Let me tell you about something.

Distractions and amusements, with a sandwich and coffee.

Mad about you, orchestrally.
•
• feel the vibe, feel the terror, feel the pain

Typography geek? If you like the geometry and mathematics of these posters, you may enjoy something more lettered. Visions of type: Type Peep Show: The Private Curves of Letters posters.

Watch the video at Numberphile about my art.

numbers.tgz

1,000,000 digits of π, φ, e and ASN.

All the artwork can be purchased from Fine Art America. Most of the pieces were created by myself, and some by Cristian Ilies Vasile.

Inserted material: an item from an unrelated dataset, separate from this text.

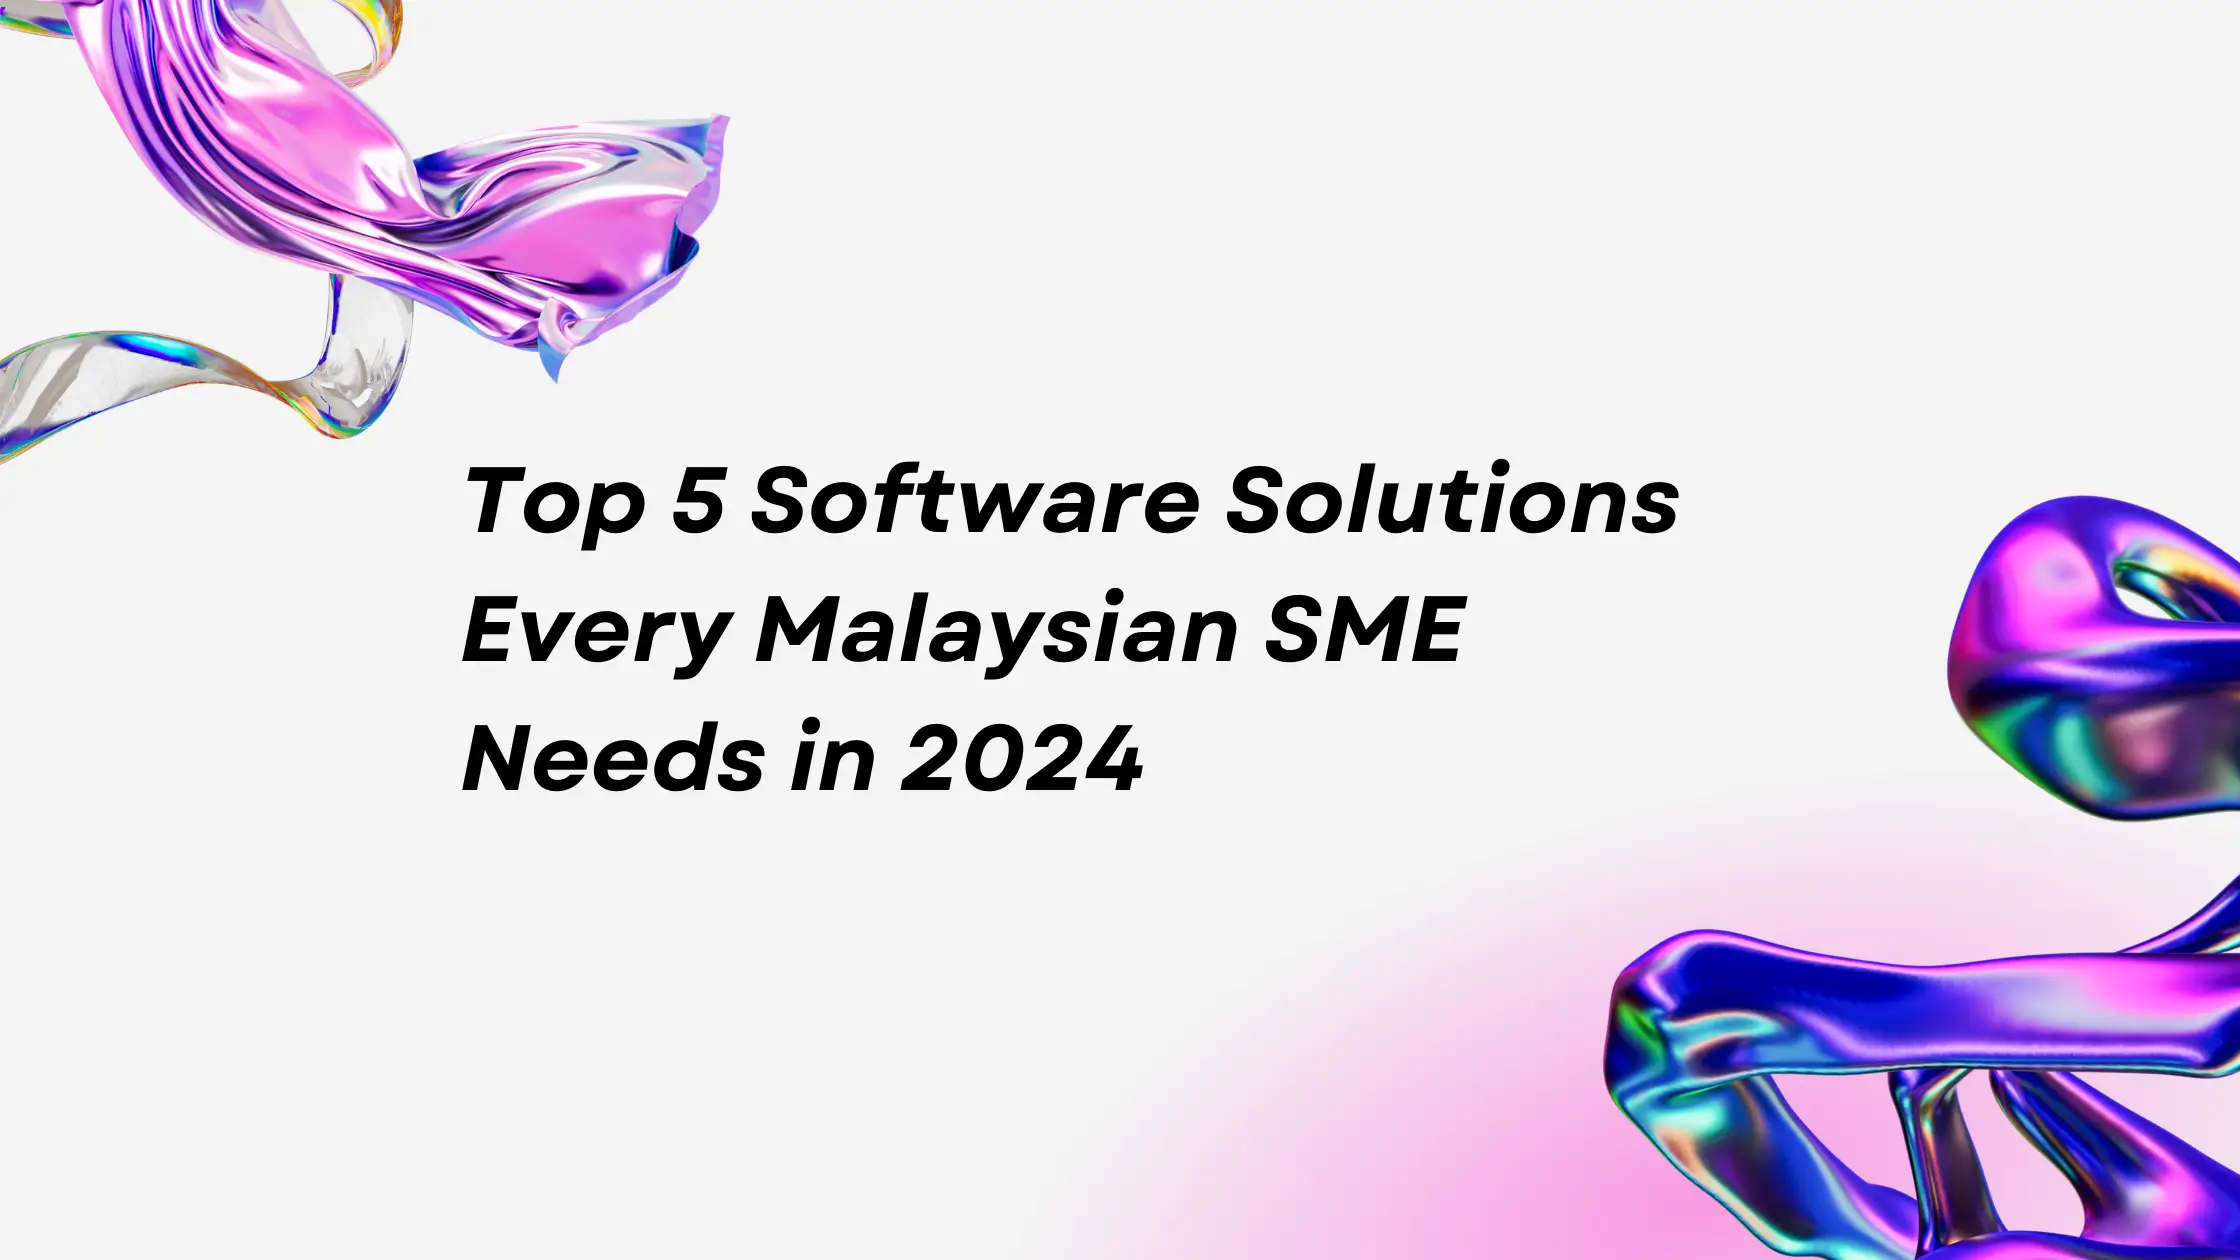 futuristic image with words top 5 software solutions empowering malaysian SMEs in 2024 written on it
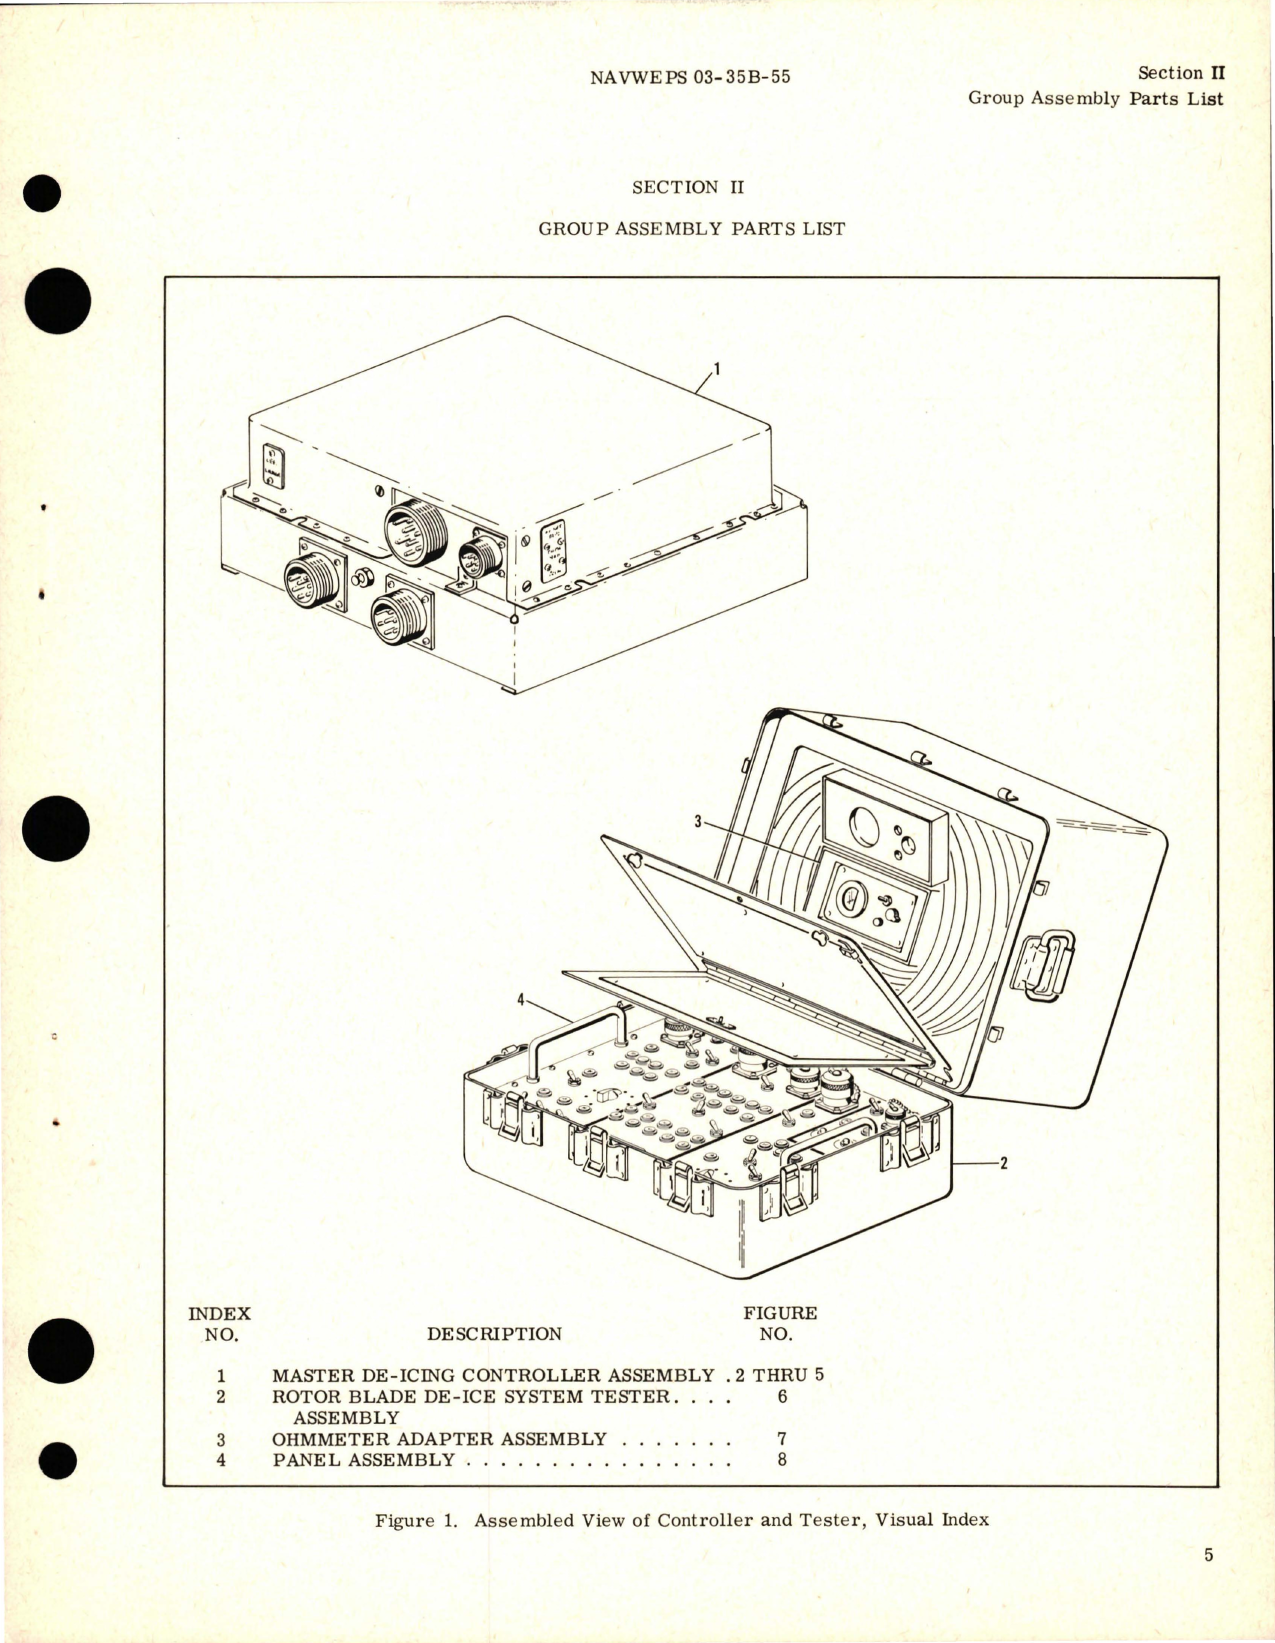 Sample page 7 from AirCorps Library document: Illustrated Parts Breakdown for Master De-Icing Controller and Rotary Blade De-Ice System Tester

Numerology is bogus, but art based on numbers has a beautiful random quality.

For other examples of numerical art, see my *i*nessiness project. Nixie clock lovers should investigate the accidental similarity number (ASN), which I render in a ASN Nixie poster.

It's fitting to use Circos to visualize the digits of π. After all, what is more round than Circos?

Cristian Ilies Vasile had the idea of representing the digits of π as a path traced by links between successive digits. Each digit is assigned a segment around the circle and a link between segment *i* and *j* corresponds to the appearance of *ij* in π. For example, the "14" in "3.14..." is drawn as a link between segment 1 and segment 4.

The position of the link on a digit's segment is associated with the position of the digit π. For example, the "14" link associated with the 2nd digit (1) and the 3rd digit (4) is drawn from position 2 on the 1 segment to position 3 on the 4 segment.

As more digits are added to the path, the image becomes a weaving mandala.

I added to Cristian's representation by showing the number of transitions between digits in a series of concentric circles placed outside the links. This summary representation counts the number of transition links within a region and addresses the question of what kind of digits appear immediately before or after a given digit in π. The approach is diagrammed below.

The original images were generated using the 10-color Brewer paired qualitative palette, which was later modified as shown below.

The bubbles that count the number of links quickly draw attention to regions where specific digit pairs are frequent. In the image for π below, which shows transitions for the first 1,000 digits, the large bubble on the 9 segment is due to the sequence "999999" sequence at decimal place 762.

This sequence of 6 9's occurs significantly earlier than expected by chance. Because the distribution and sequence of digits of π is, as far as we know, uniformly random, we can calculate how frequently we should expect a series of 6 identical digits.

For a given digit, the chance that the next 5 digits are the same is 0.00001 (0.1 that the next digit is the same * 0.1 that the second-nex digit is the same * ...). Therefore the chance that a given position the next 5 digits are *not* the same is 1 - 1/0.00001 = 0.99999. From this, the chance that *k* consecutive digits don't initiate a 6-digit sequence is therefore 0.99999^{k}.

If I ask what is *k* for which this value is 0.5, I need to solve 0.99999^{k}, which gives *k* = 69,314. Thus, chances are 50-50 that in a 69,000 digit random sequence we'll see a run of 6 idendical digits. This calculation is an approximation.

It's fun to look for words in π. For example, love appears at 13,099,586th digit.

The transition probabilities for each 10 digit bin for the first 2,000 digits of π, φ and e are shown in the image below.

The digits of π are, as far as we know, randomly distributed. Art based on its digits therefore as a quality that is influenced by this random distribution. To provide a reference of what such a random pattern looks like, below are 16 random numbers represented in the same way. They're all different, yet strangely the same.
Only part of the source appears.